We set the marginal prevalence of exposure, P(E=1), to 0.2. We fixed a10, sensitivity in the unexposed group, at 0.85 and a00, 1-specificity in the unexposed group, at 0.1. We then varied sensitivity and 1-specificity in the exposed group, a11 and a01, across a range of values. We repeated the process of simulating the exposure variable E 1000 times for each combination of a11 and a01.

The target of inference was the odds ratio for the association between D and E, adjusted for patient risk factors X. However, we assume that in the context of an EHR-based study only information on S is available rather than D and therefore estimate the association between S and E adjusted for X. Although E was simulated independent of X, we adjusted for X in all analyses to mirror common practice in pharmacoepidemiologic studies of adjusting for variables known to be strongly associated with the outcome of interest. In settings where the association of these factors with the exposure of interest is uncertain, they are typically included in regression models to address the possibility of confounding.

Additional simulation studies using simulated true and surrogate disease outcomes, as opposed to observed values in the BRAVA cohort, in addition to simulated exposures allowed us to investigate a broad range of values for outcome prevalence as well as sensitivity and specificity in the unexposed group. As results were similar, we present only analyses using outcomes from BRAVA data combined with simulated exposures. The additional simulations are available in the Online Methods Supplement.

Statistical analysis

Using BRAVA data on S and X combined with simulated exposure data (E), we estimated the association between E and S using multivariable logistic regression.
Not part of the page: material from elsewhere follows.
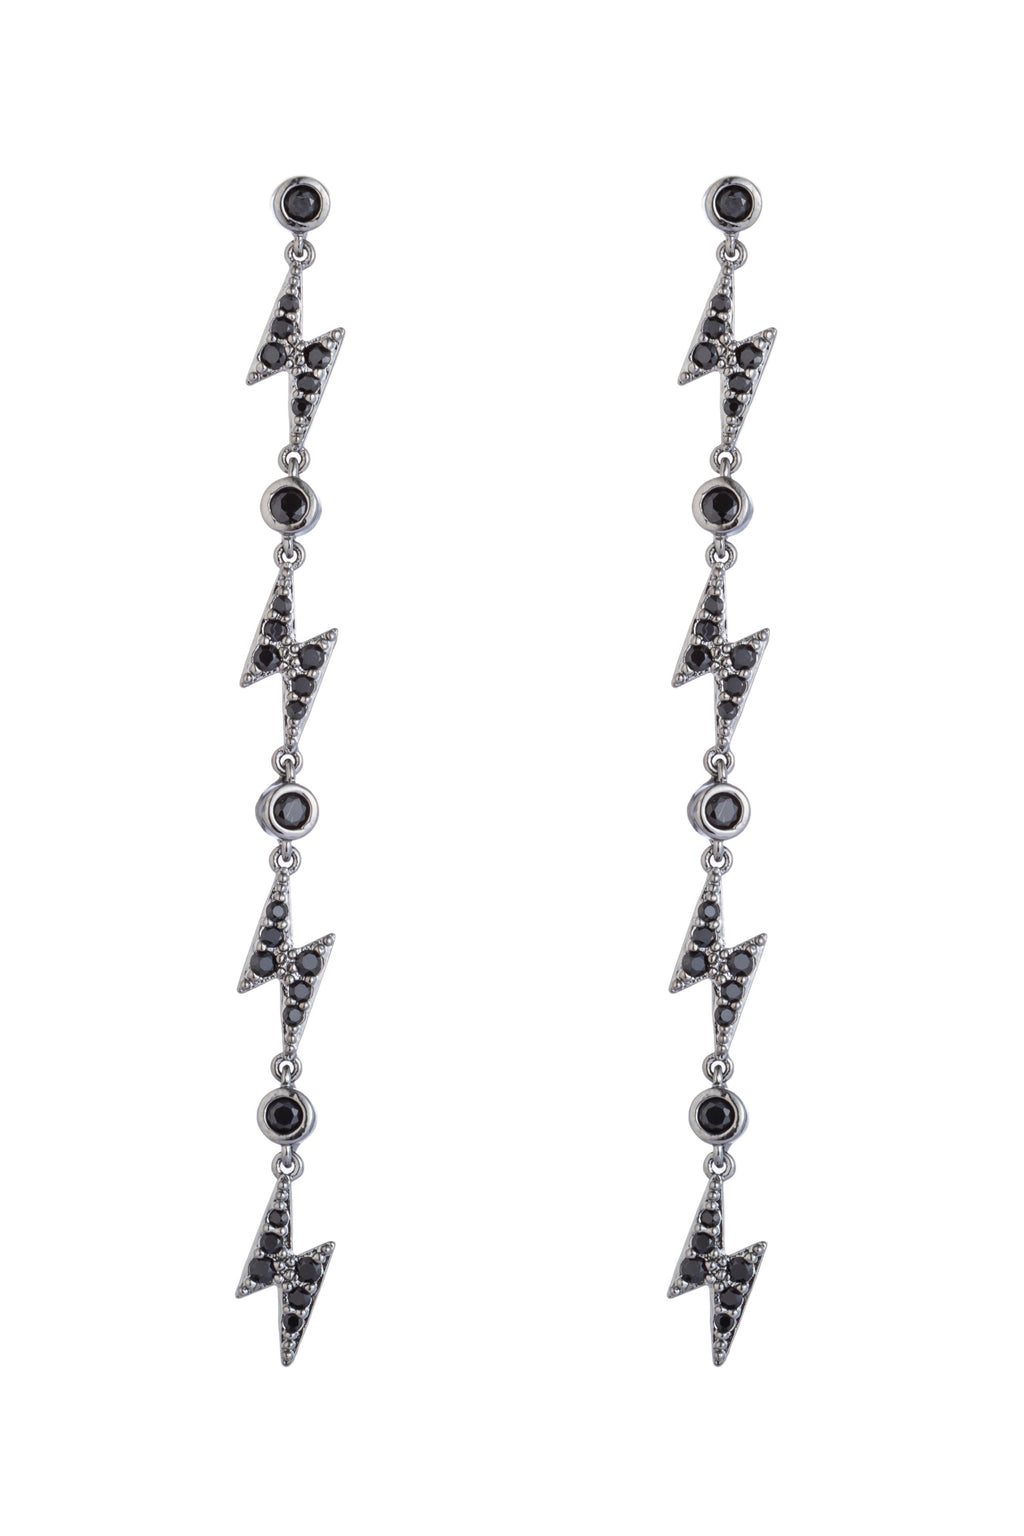 Lightning bolt dangle earrings studded with CZ crystals.
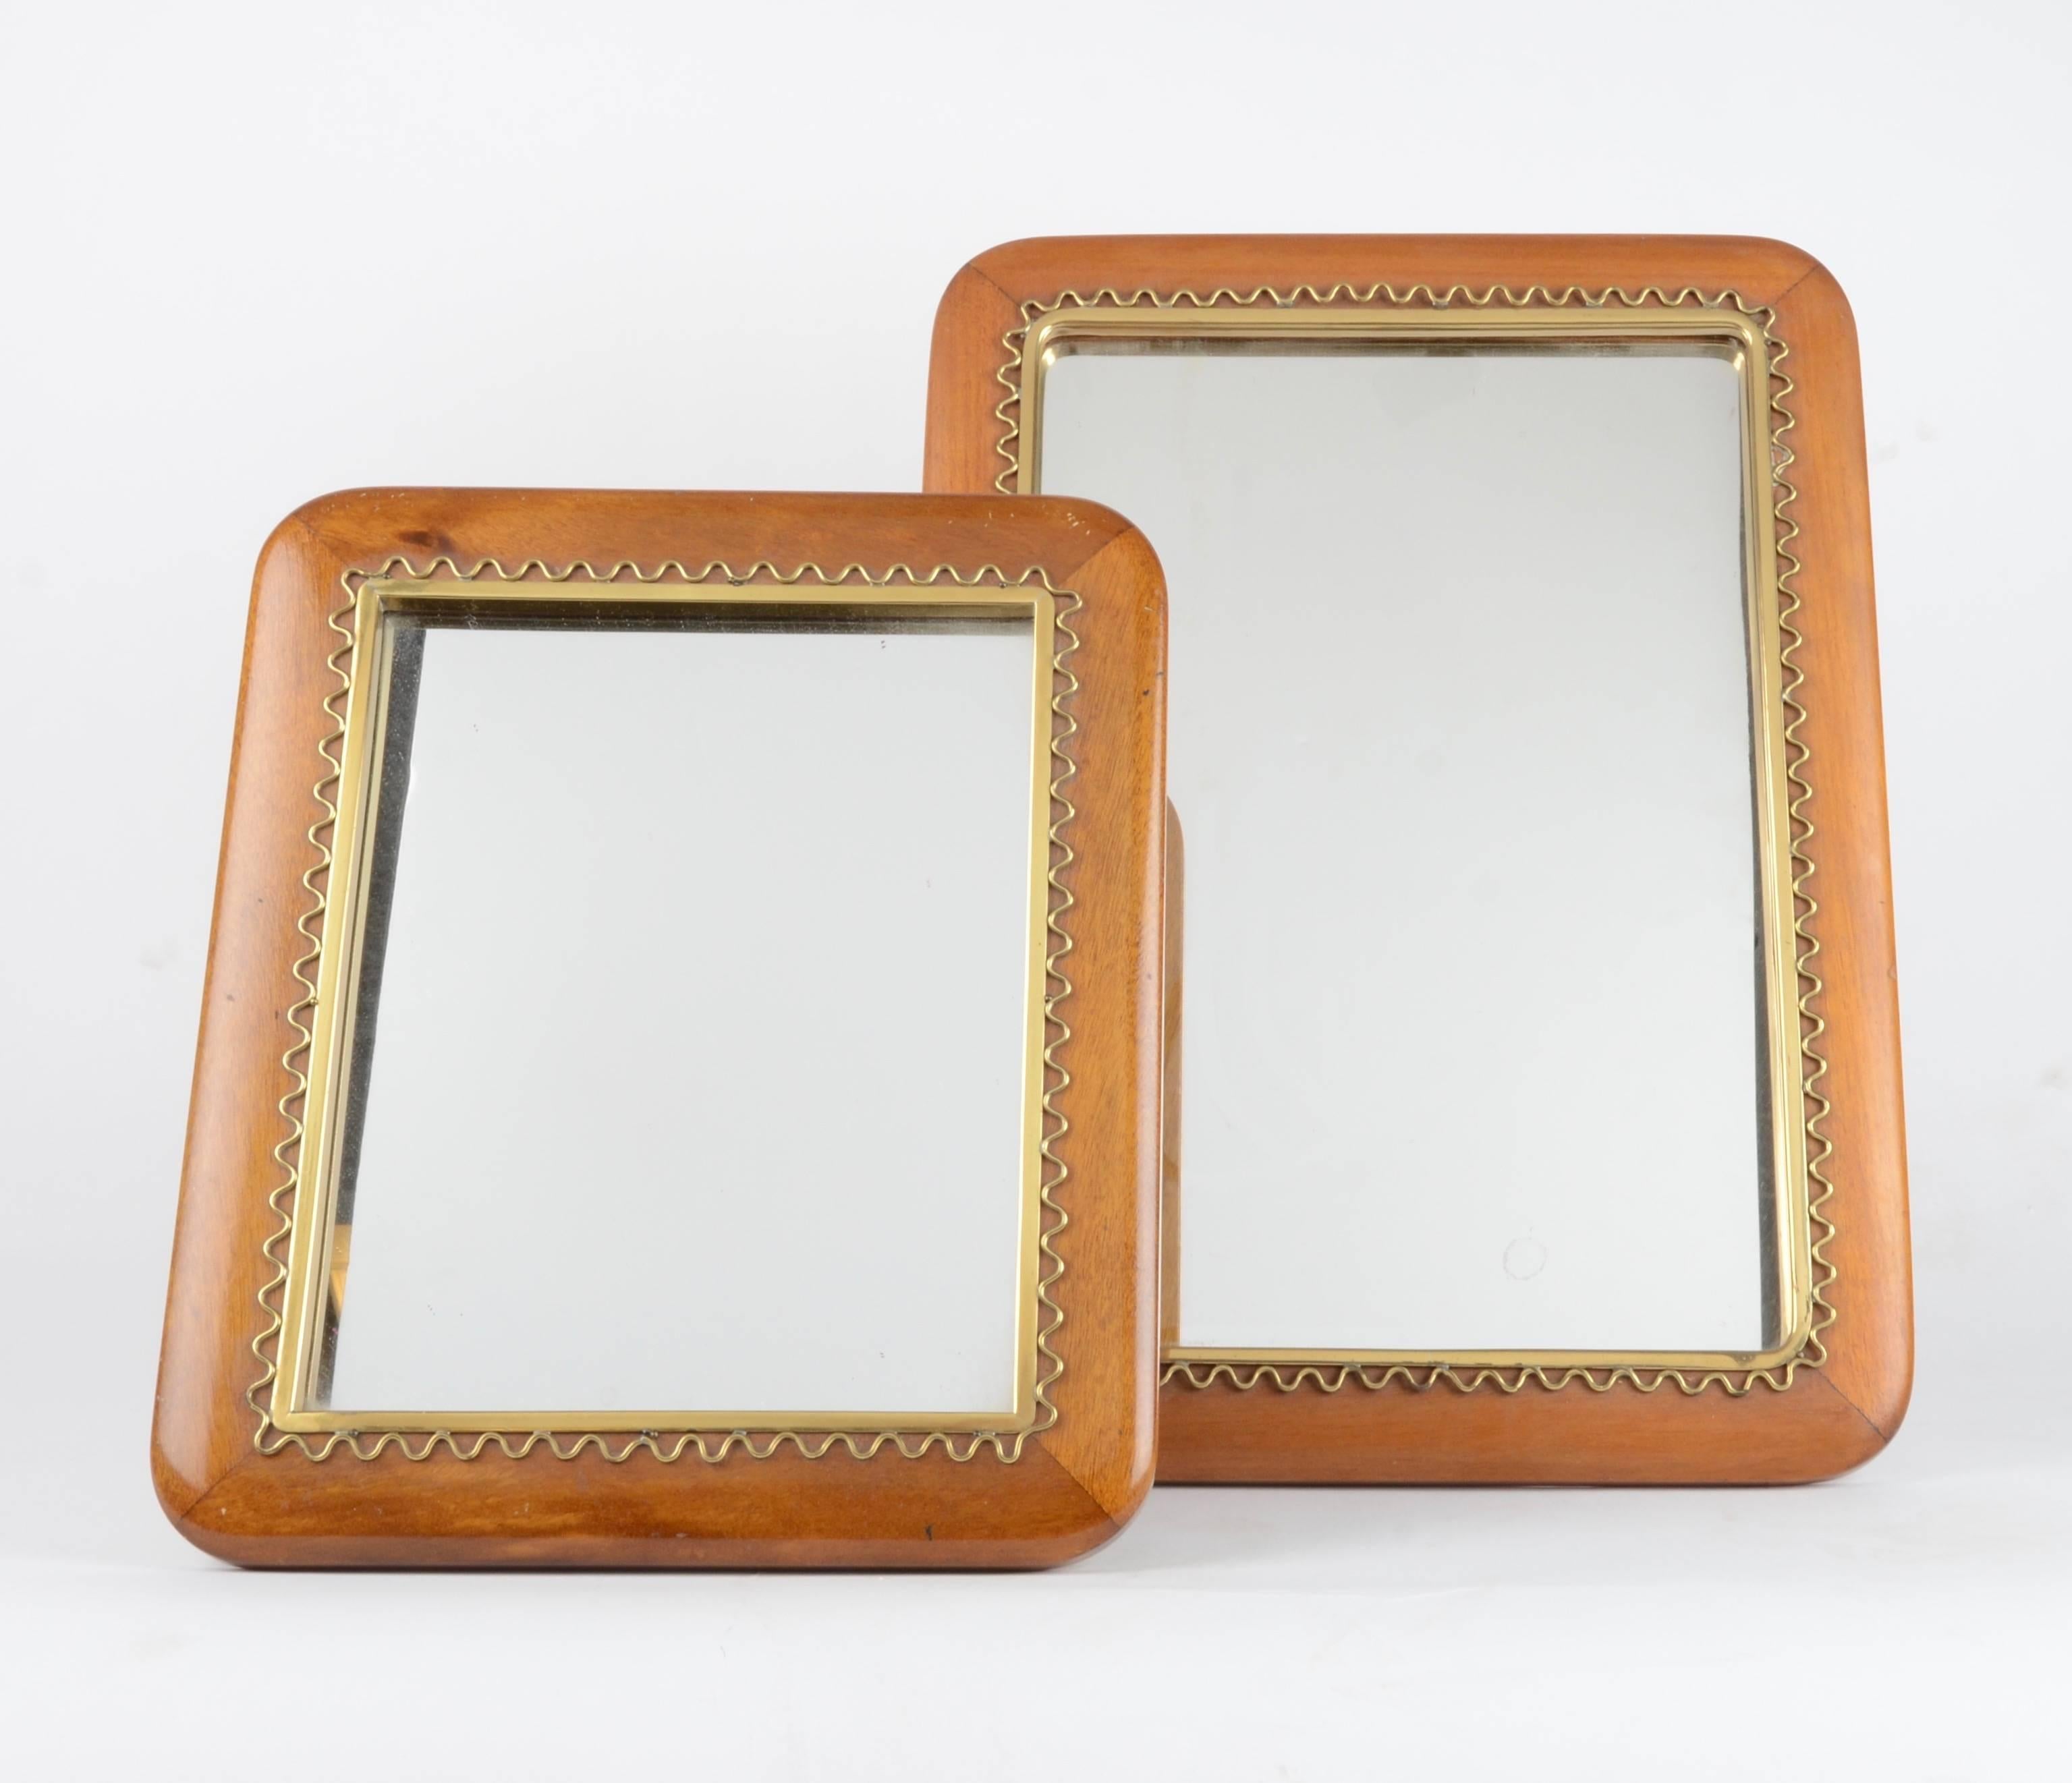 A pair of mirrors for table or wall in mahogany and brass. Designed by Josef Frank for Firma Svenskt Tenn, mid-1900s.

Logistic regression models adjusted for simulated exposure, E, and variables in X: age (continuous), year at diagnosis (categorical), primary breast cancer stage (categorical), and estrogen and progesterone receptor (ER, PR) status (categorical). For each model, we used the p-value based on the Wald statistic for the odds ratio (OR) associated with E to determine whether to accept or reject the null hypothesis, using a threshold for statistical significance of 0.05. For each combination of a01 and a11, we computed the proportion of simulations in which we rejected the null hypothesis. Since, in all settings, E was simulated to be independent of D, this proportion estimated the type I error. Using a significance threshold of 0.05, 5% of simulations would result in rejected null hypotheses if there were no type I error inflation.

Results

Our simulations used data on 3,152 women included in the BRAVA study (Table 1). In this sample, 407 patients were observed to experience a second breast cancer during study follow-up based on tumor registry and manual abstraction of patients’ medical records. Thus, the prevalence of second breast cancer events in the BRAVA dataset, P(D = 1), in this cohort was 0.129. Adjusted logistic regression models for the association between a simulated, independent exposure and second breast cancer status exhibited substantial inflation of the type I error rate as both sensitivity and specificity of the surrogate second breast cancer measure for exposed individuals deviated from their values in unexposed individuals (Figure 1). When sensitivity and specificity were the same in exposed and unexposed individuals (non-differential misclassification), type I error was 0.05. Holding specificity equal in exposed and unexposed individuals, when sensitivity was 10% higher in exposed individuals compared to unexposed (i.e., 0.95 vs 0.85) the type I error rate increased to 17%. Similarly, holding sensitivity equal between the two groups, a 10% decrease in specificity between exposed and unexposed individuals (i.e., 0.80 vs 0.90) resulted in a type I error rate of 36%.

Table 1.

Summary statistics for the BRAVA cohort used in simulation studies. Descriptive statistics for this cohort have been previously presented9 and are reused by permission of Oxford University Press.

Characteristic Overall
(N = 3152)
Women with no second breast cancer
(N = 2745)
Women with second breast cancer
(N = 407)
Age (years), mean (SD) 62.8 (13.3) 63.1 (13.2) 60.8 (13.9)
Year of primary diagnosis, N (%)
 1993 – 1995 578 (18.3) 469 (17.1) 109 (26.8)
 1996 – 1999 993 (31.5) 846 (30.8) 147 (36.1)
 2000 – 2003 971 (30.8) 861 (31.4) 110 (27.0)
 2004 – 2006 610 (19.4) 569 (20.7) 41 (10.1)
Primary breast cancer stage, N (%)
 Local 2479 (78.6) 2200 (80.1) 279 (68.6)
 Regional 673 (21.4) 545 (19.9) 128 (31.4)
ER/PR status, N (%)
 ER positive 2459 (78.0) 2177 (79.3) 282 (69.3)
 Both ER and PR negative 462 (14.7) 364 (13.3) 98 (24.1)
 Other 231 (7.3) 204 (7.4) 27 (6.6)

SD: standard deviation; ER: estrogen receptor; PR: progesterone receptor

Figure 1.

Figure 1.

Color coded contour plot of type I error as a function of sensitivity and specificity in exposed individuals (A), plot of type I error rate versus sensitivity in the exposed (B), and plot of type I error rate versus specificity in the exposed (C) using outcome and covariate data from BRAVA with simulated exposure data. In the contour plot (A), the black dot indicates sensitivity and specificity in the unexposed group. In the sensitivity plot (B), specificity in the exposed group is fixed at the value for the unexposed group (0.9) and in the specificity plot (C), sensitivity in the exposed group is fixed at the value for the unexposed group (0.85).

Discussion

Our analysis found that, in the context of an investigation of second breast cancers using EHR-derived outcomes subject to misclassification, type I error was substantially inflated above the nominal level when outcome misclassification was differential with respect to exposure. Even for an outcome with marginally good sensitivity and specificity, differences in accuracy between exposed and unexposed individuals frequently induced a spurious association between outcome and exposure. Results were particularly sensitive to differential specificity, with type I error increasing to very high levels for even small differences in specificity between exposed and unexposed individuals.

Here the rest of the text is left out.